Figure 9.1: Frequency bar graph

Figure 9.2: Relative frequency bar graph

Note that medium light intensity was less common than other light intensities. For the PM10 data, Kern county has more monitoring stations compared to Fresno and Tulare.

The bar graphs provide a clear visual of the distribution of levels of the categorical variables. To numerically summarize a categorical variables, one can use the tally() function to create the basis for a frequency or relative frequency table:

R functions
### tally( ~ x , data,  format, useNA)
# format: set equal to "count" (default), "proportion", or "percent"
# useNA: should the table count missing values?  Set equal to "no" 
#        (never consider missing values), "ifany" (only if the 
#        count is positive) , or "always" (even for zero counts).
Note

The following code helps create a frequency or relative frequency table for the variables Light and county:

Code
# Use the tally() function from the mosaic package to 
# compute a relative frequency table for the "Light" variable in 
# the dssurv dataset.
tally( ~ Light , 
       data=dssurv , 
       format="proportion" ) 
#> Light
#> high  low  med 
#>  0.4  0.4  0.2

# Use the tally() function to compute a frequency table for 
# the "county" variable.
tally( ~ county , 
       data=pmdf ,
       format="count" ) 
#> county
#> Fresno   Kern Tulare 
#>   1046   1727    342

The tally() output provides a clear numerical summary of the data by providing the count/proportion/percentage of observations in each each level for the variable of interest. The output from tally() can then be used to form a relative frequency table. Such tables make it easier to see the frequency counts for a categorical variables than by looking at the actual data.

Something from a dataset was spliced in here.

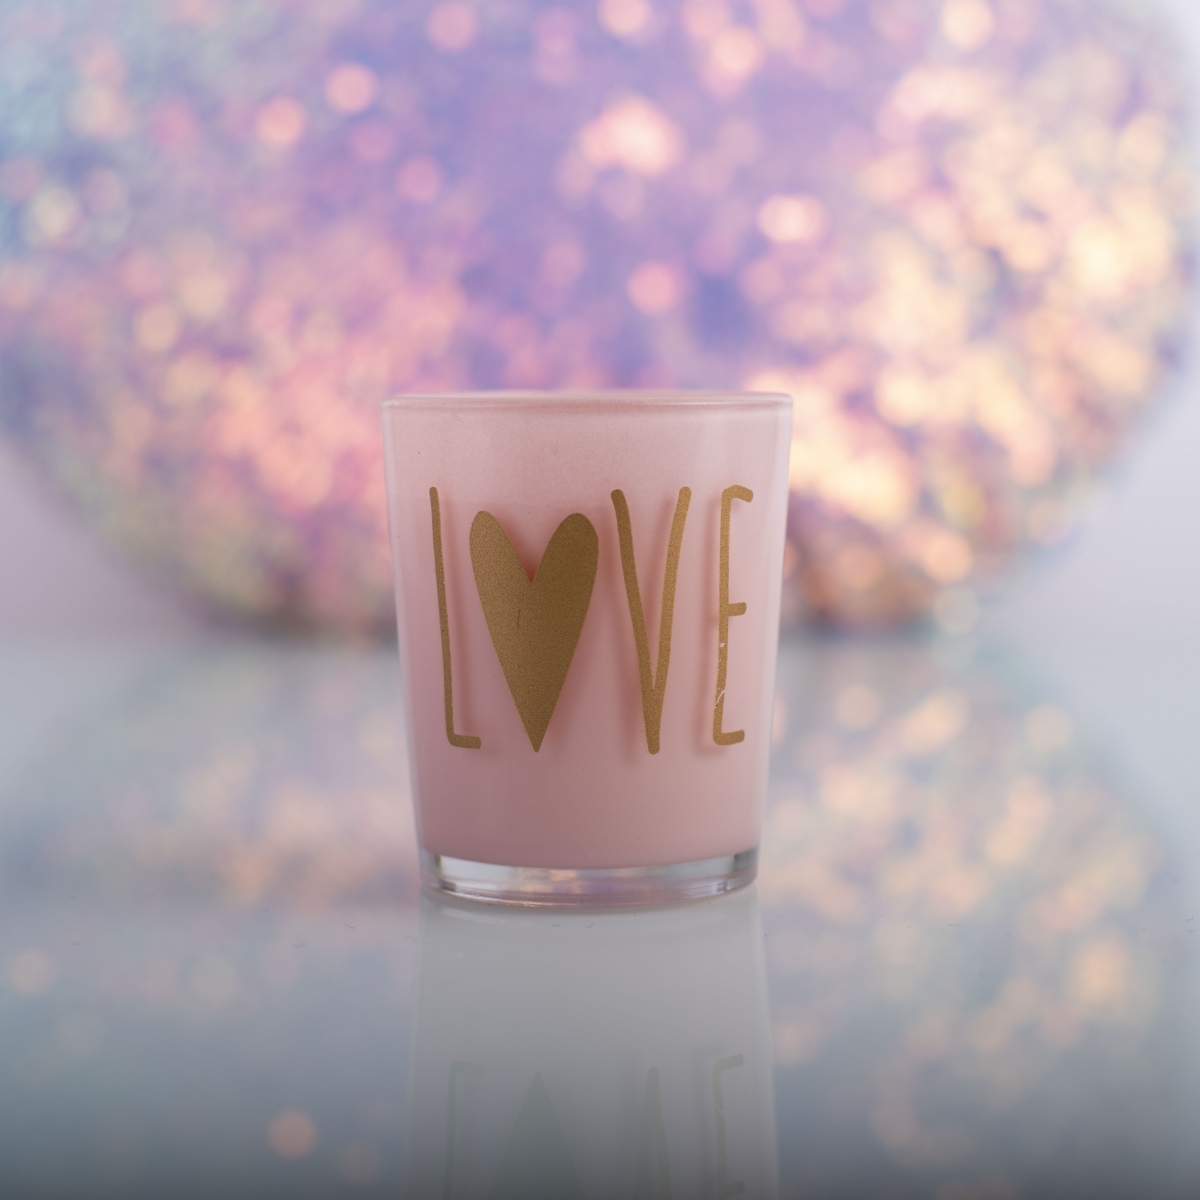 Valentine Day Candles : Sexy Love , Pink Candle Jar , Romantic Romance ,China Factory , Good Price-HOWCANDLE-Candles,Scented Candles,Aromatherapy Candles,Soy Candles,Vegan Candles,Jar Candles,Pillar Candles,Candle Gift Sets,Essential Oils,Reed Diffuser,Candle Holder,

9.2 Two or more categorical variables

A bar graph can also graphically summarize two categorical variables by providing a bar plot for a given variable at each level of another categorical variable. Such graphs are generally referred as comparative plots or conditional plots. Here, we create three comparative bar graphs using bargraph(). For each, we have to specify a grouping variable:

R functions
### Creates a bar graph at each level of another categorical variable:
### bargraph( ~ x  | gfactor , data,  ylab, xlab, type)
# gfactor: Replace with a grouping (categorical) variable.
#         This variable should have two or more levels, and 
#         the resulting graph will show the distribution of "x" 
#         at each level of the grouping variable.
#
###
###
### Creates grouped/clustered bar graph:
### bargraph( ~ x , groups, data,  ylab, xlab, type, auto.key)
# groups: Set equal to the grouping (categorical) variable.  
#         This variable should have two or more levels, and 
#         the resulting graph will show the distribution of "x" 
#         at each level of the grouping variable.
# auto.key: A list of the form list( x, y , corner = c(0, 0)), where
#           x is set equal to the location on the x-axis (from 0 to 1). Similarly for y.
#           corner is set equal to one of c(0,0) (bottom left corner of legend), c(1,0), 
#           c(1,1) and c(0,1).
#
###
###
### Creates a stacked bar graph:
### bargraph( ~ x , groups , data,  ylab, xlab, type, stack)
# stack: Set equal to TRUE for a stacked barchart. Default is FALSE
#
Note

The case study in Chapter 5 contains many variables dealing with characteristics related to school shootings. The following code creates a bar graphs of Media_Attention for each level of AgeGroup:

Code
# Import data 
# Note: na.strings=c("","NA") tells R to treat any blank 
# and NA entries in the csv file as NA values. 
ssd <- read.csv("datasets/ssdsample.csv" , na.strings=c("","NA")) 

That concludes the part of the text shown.